Drag reduction of a car model by linear genetic programming control

We investigate open- and closed-loop active control for aerodynamic drag reduction of a car model. Turbulent flow around a blunt-edged Ahmed body is examined at $Re_{H}\approx3\times10^{5}$ based on body height. The actuation is performed with pulsed jets at all trailing edges combined with a Coanda deflection surface. The flow is monitored with pressure sensors distributed at the rear side. We apply a model-free control strategy building on Dracopoulos & Kent (Neural Comput. & Applic., vol. 6, 1997, pp. 214-228) and Gautier et al. (J. Fluid Mech., vol. 770, 2015, pp. 442-457). The optimized control laws comprise periodic forcing, multi-frequency forcing and sensor-based feedback including also time-history information feedback and combination thereof.
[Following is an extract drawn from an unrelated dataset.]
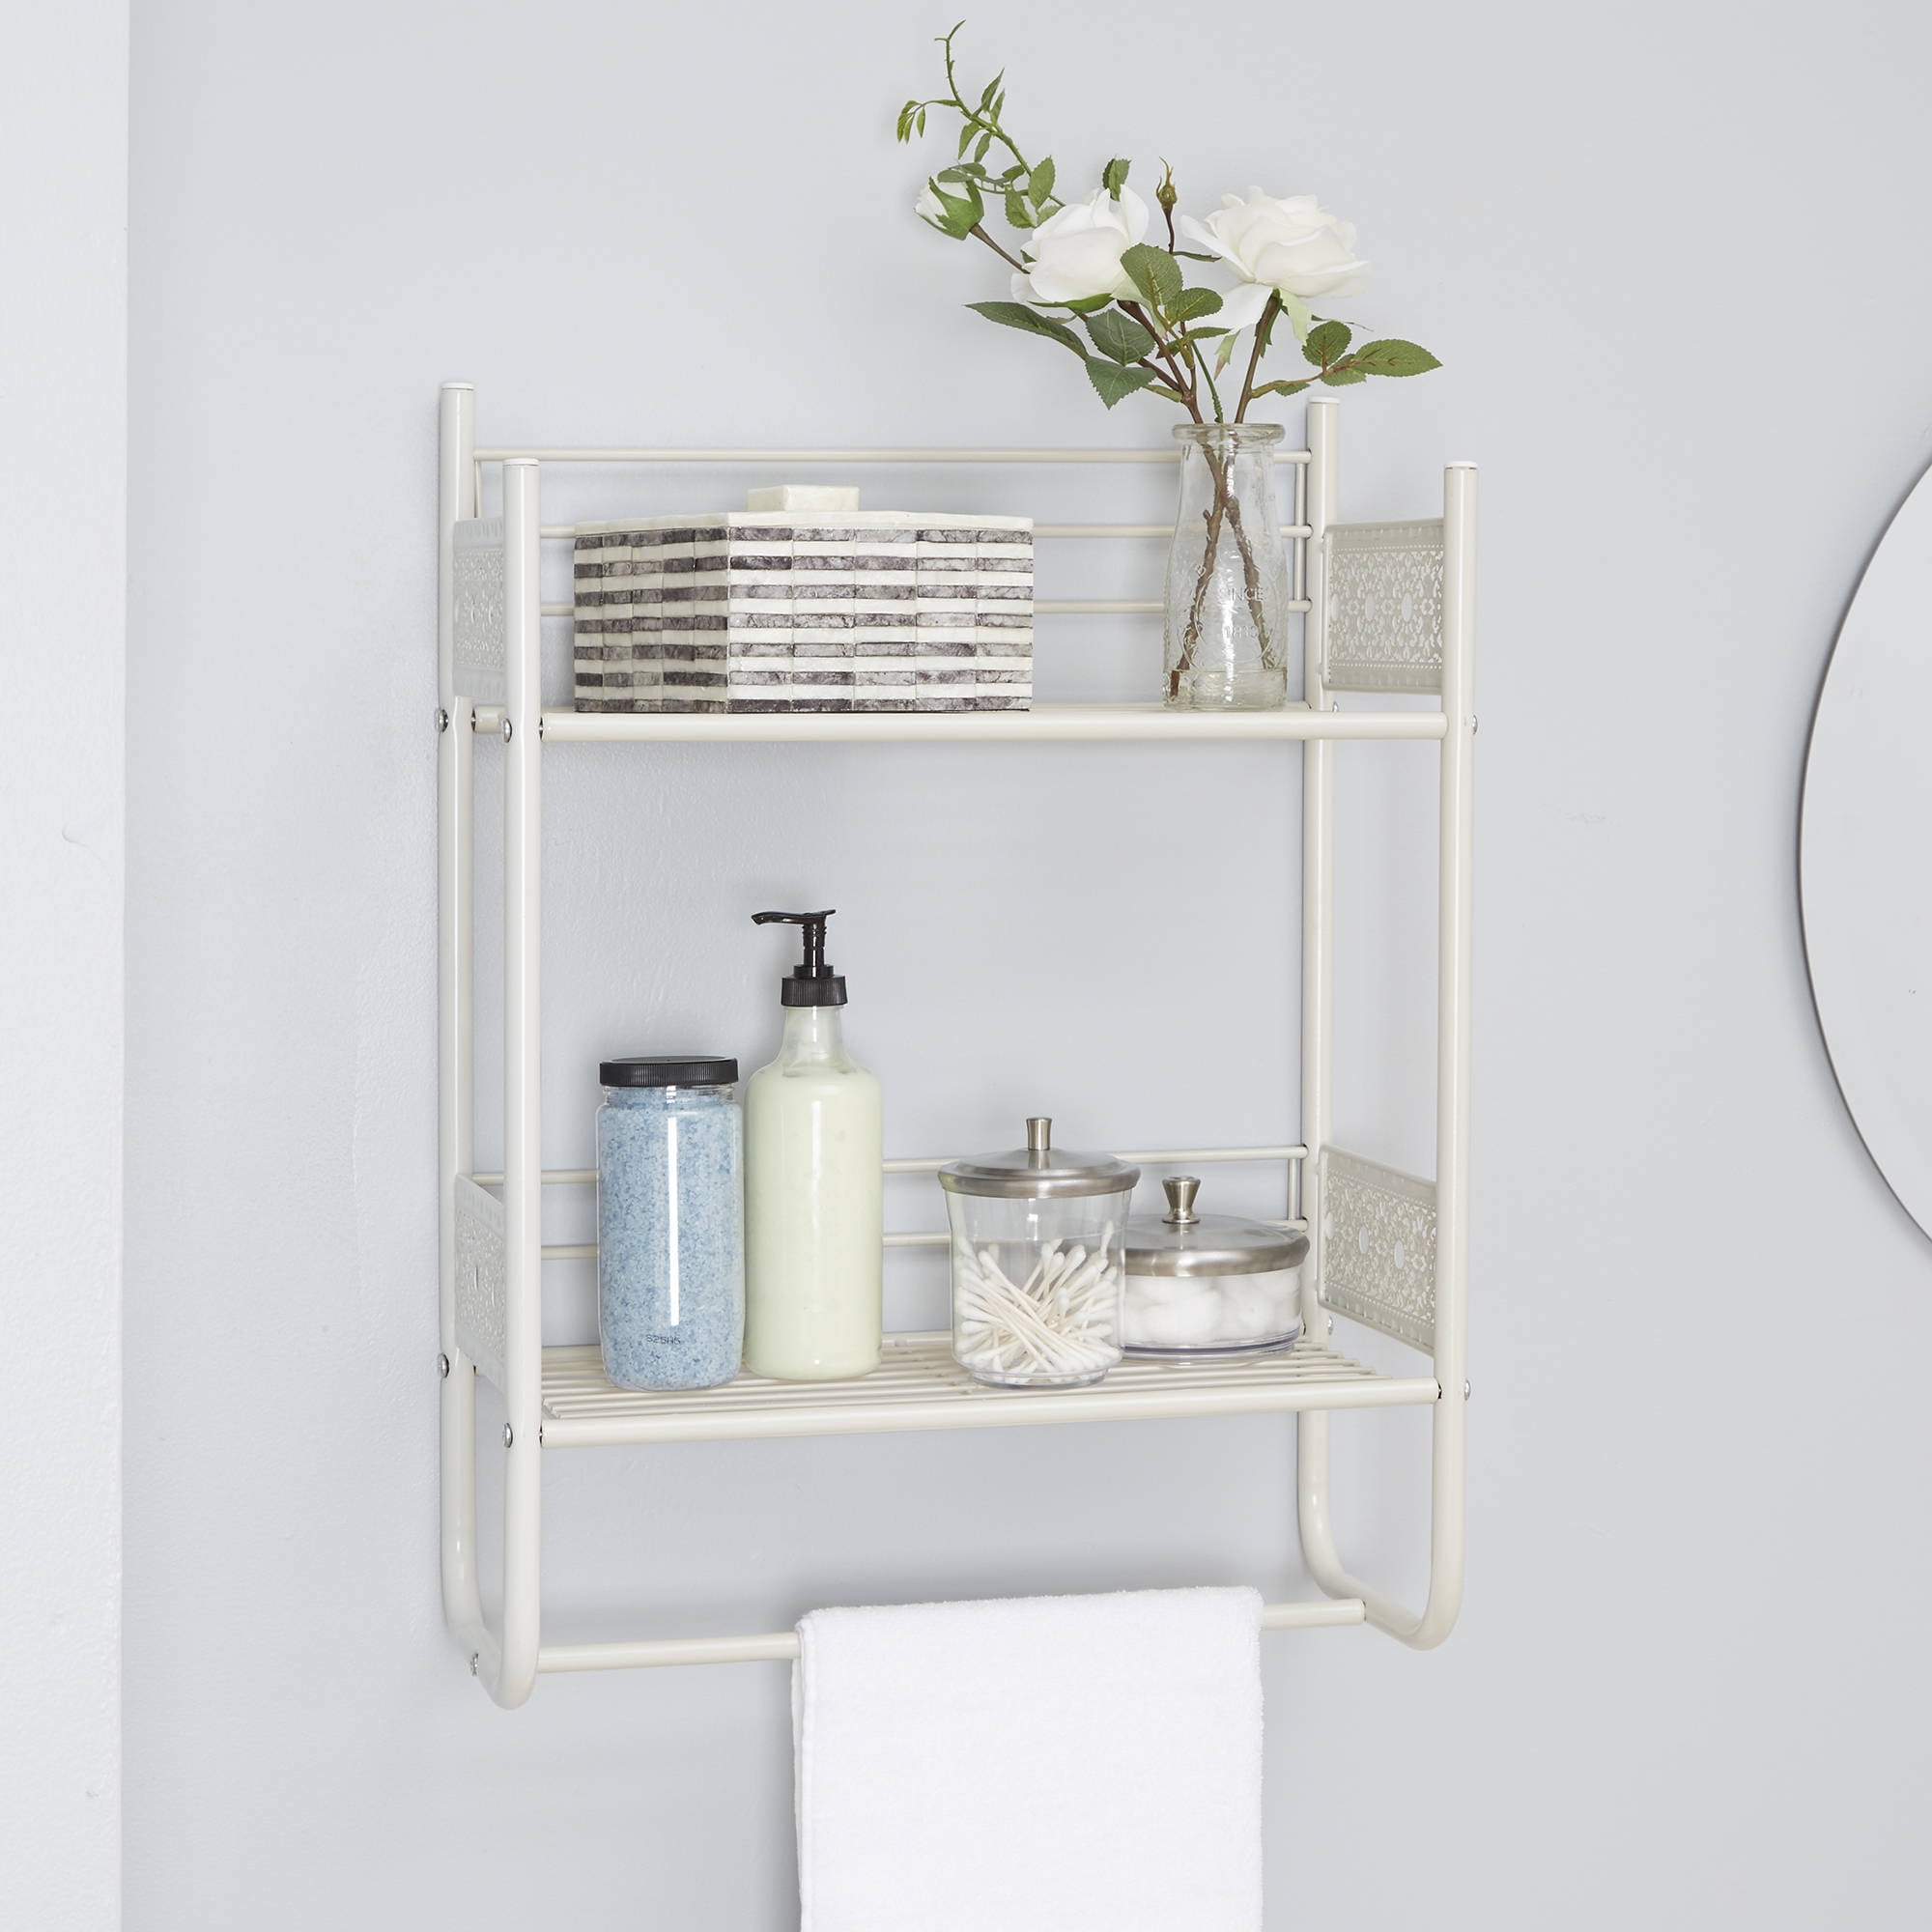 RIPONI Bathroom wall shelf By Geelli

Key enabler is linear genetic programming as simple and efficient framework for multiple inputs (actuators) and multiple outputs (sensors). The proposed linear genetic programming control can select the best open- or closed-loop control in an unsupervised manner. Approximately 33% base pressure recovery associated with 22% drag reduction is achieved in all considered classes of control laws. Intriguingly, the feedback actuation emulates periodic high-frequency forcing by selecting one pressure sensor in the optimal control law. Our control strategy is, in principle, applicable to all multiple actuators and sensors experiments.